The construction of meaning in a semiotic system/system of signs - Abductive inference as the interpretation of signs, or as an intentionalist explanation
Peirce writes about abduction, that [...] It's only justification is that, if we are ever to understand things at all, it must be in that way." How do we proceed from seeing to knowing, from the affection of our senses to the description of our perception in languuage? Here, too, abductive procedures are at work: as soon as I describe my perception linguistically, I interpret non-verbal signs abductively and transform them into language in a rule-governed way.

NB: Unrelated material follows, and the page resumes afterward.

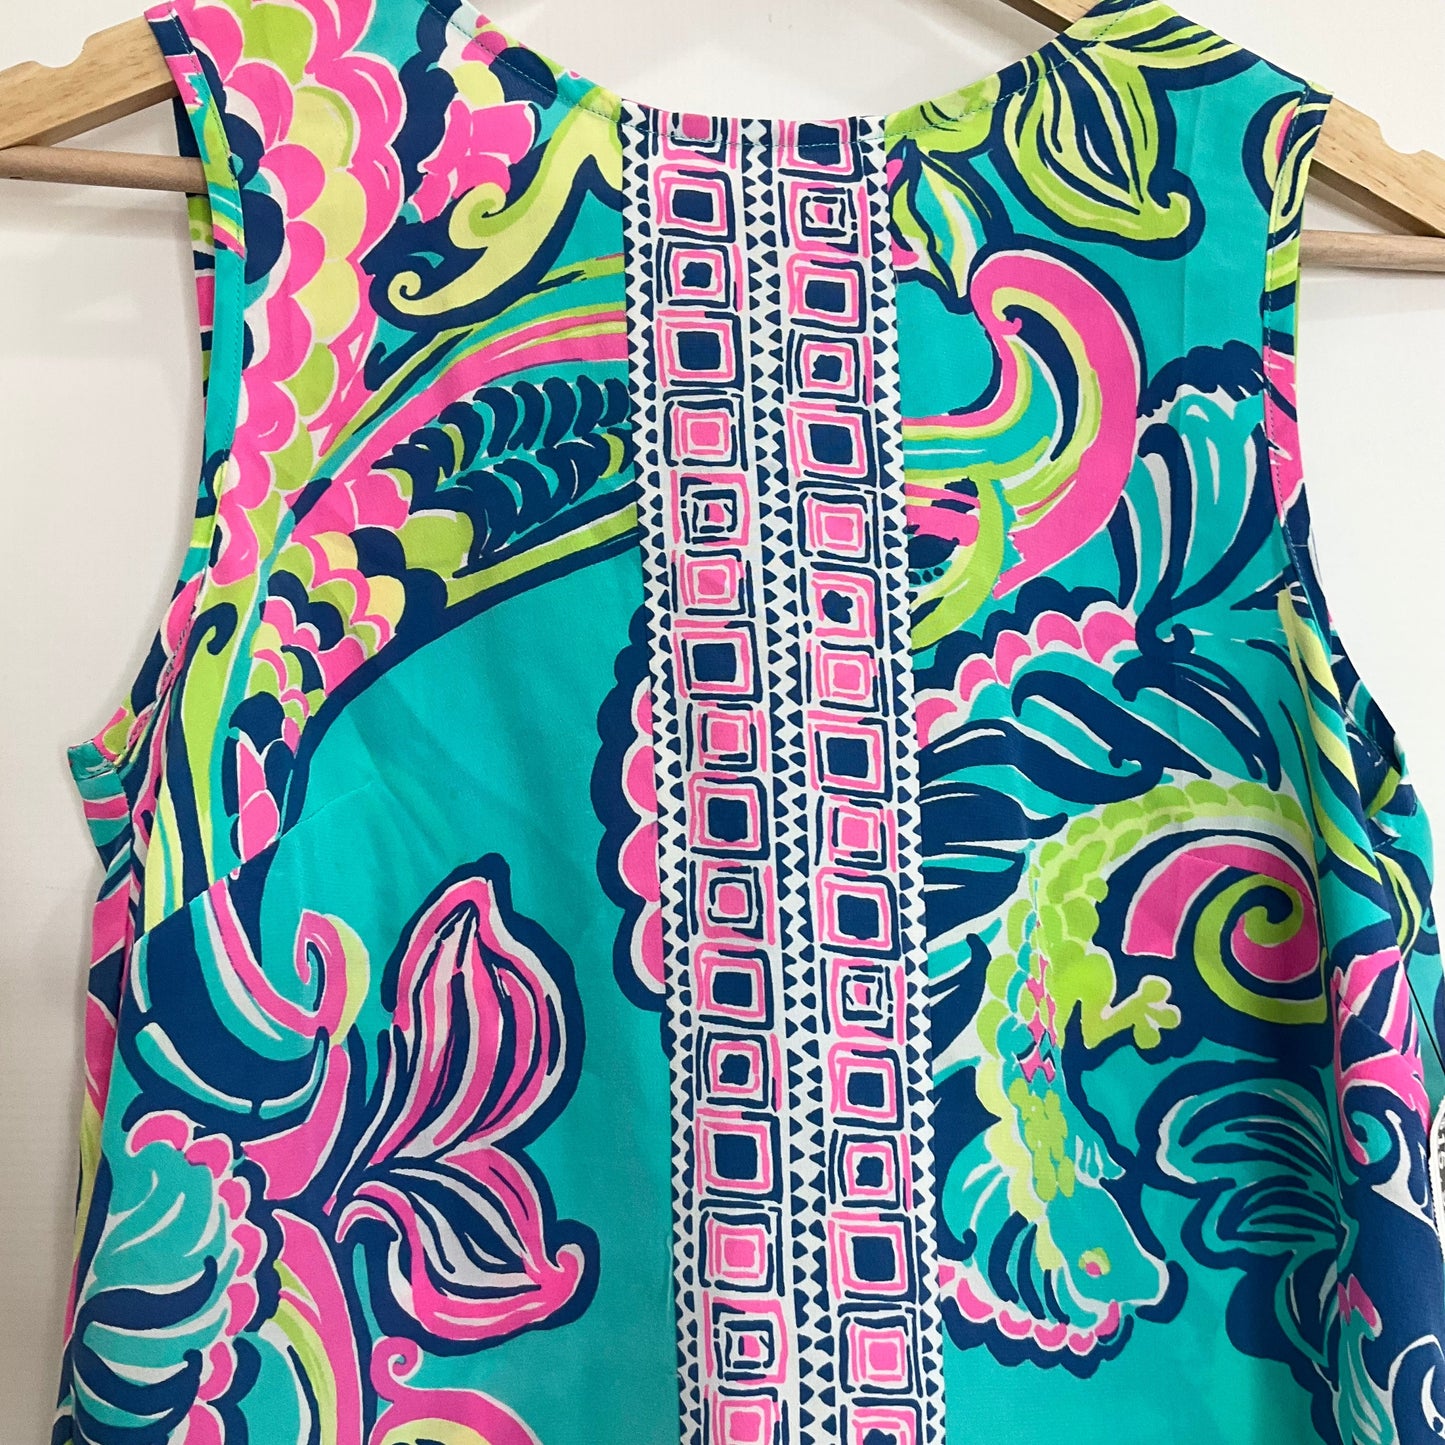 Multi-colored Top Sleeveless Lilly Pulitzer, Size Xs
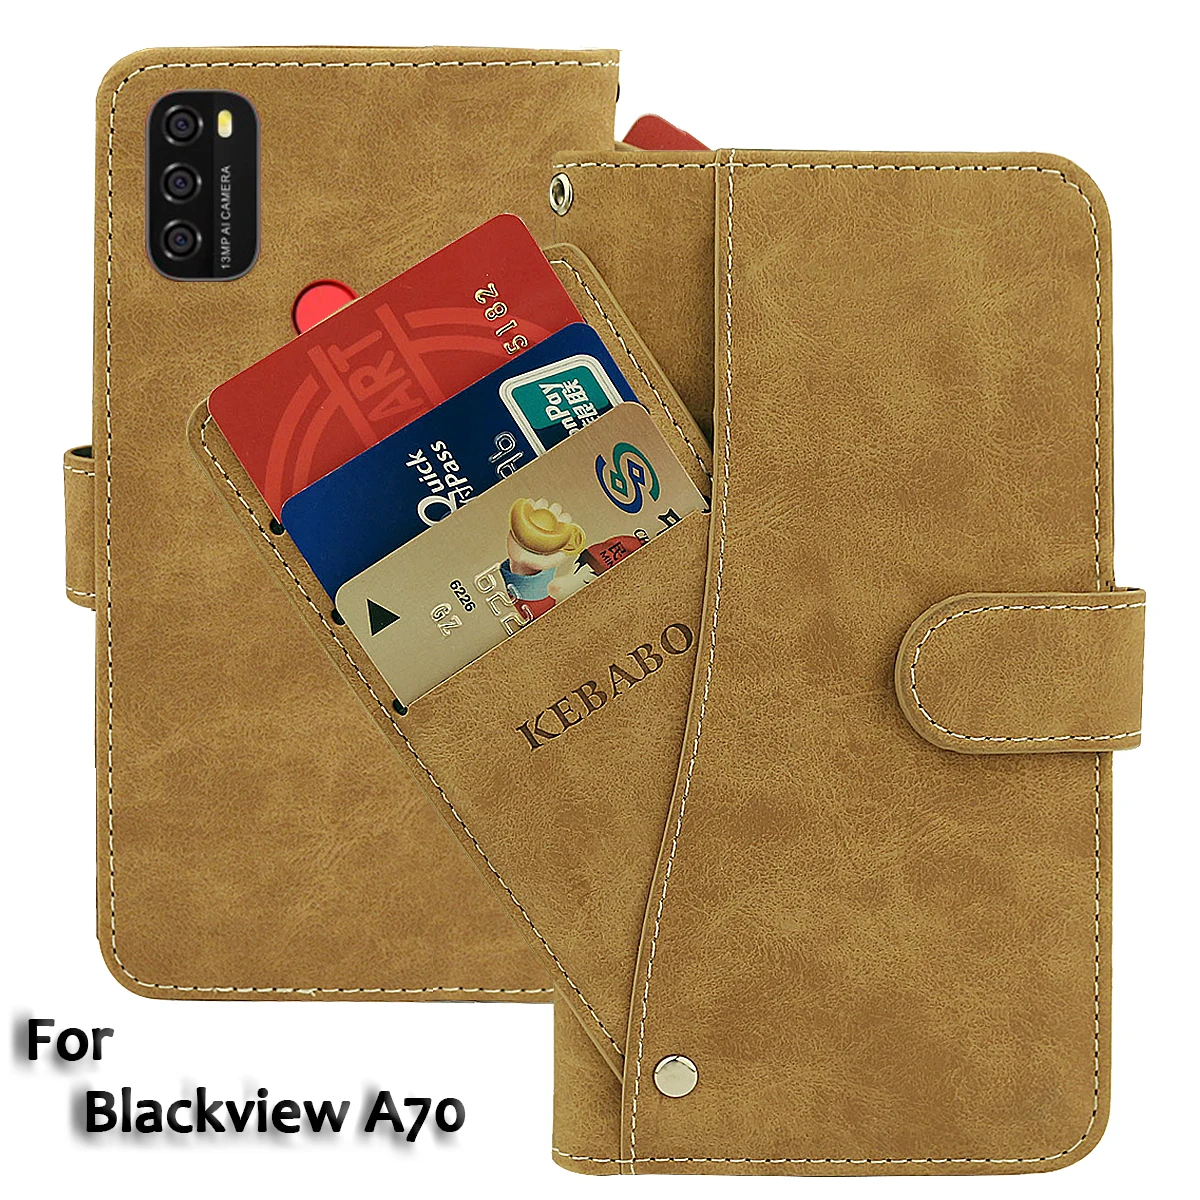 

Vintage Leather Wallet Blackview A70 Case 6.52" Flip Luxury Card Slots Cover Magnet Phone Protective Cases Bags

Against the background of abduction theory it is trivial that perceptual judgments are constructive in themselves, they are already interpretations. All perception is, therefore, in principle construction. Carrying out inferences, therefore, does not always involve conscious reflections before we reach our conclusions; frequently these inferential processes take place below our level of awareness.
Applying the theory of abduction to the brain brings out the precise logic of Maturana's theory of autopoiesis. For the observer, the brain thus becomes comprehensible as an autonomous organ of abduction which, under the control of internal "rules" (cognitive maps, memory) -- not fixed/determined by the external world -- neuronally encodes the stimuli (perturbations) impinging upon the sensory receptors (this would quite literally be "in-formare") and so generates information from those stimuli.
Abductive inferences are the kind of hypotheses that are logically invalid and must, therefore, be corroborated deductively (within conceptual systems and theoretical frameworks) as well as inductively, i.e., pragmatically, by experience. Knowledge becomes intelligible by way of its abductive incorporation into a coding system (semiotic system/system of signs) the logic of which forms the frame within which the facts (phenomena) acquire meaning by virtue of having become signs. As synthetic inferences are content-increasing only if they go beyond the information contained in the premises, and as the conclusion predicates of the subject something not available in the premises, our thinking cannot and must not remain merely deductive if we want to enlarge our knowledge. Furthermore, it is the central insight of the theory of abduction that there is no induction without a pre-existent hypothesis which has been inferred or constructed abductively. Thus the constructivist hypothesis is confirmed that knowing is a path emerging from walking, and that we can only enlarge our knowledge of the world by inventing hypotheses that prove to be viable in the process of searching for paths. The seeds of all kinds of ways of worldmaking are contained in abductive inference. In semiotic terms, an abduction functions as the incorporation of a sign into a coding system (minimal theories, hypotheses) the logic of which forms the frame within which the phenomena that have become signs acquire meaning. Abductive inference, in comparison with logical rationality, is para-logical, irrational. Still, it appears this mode of inference is the most relevant form of thinking at all.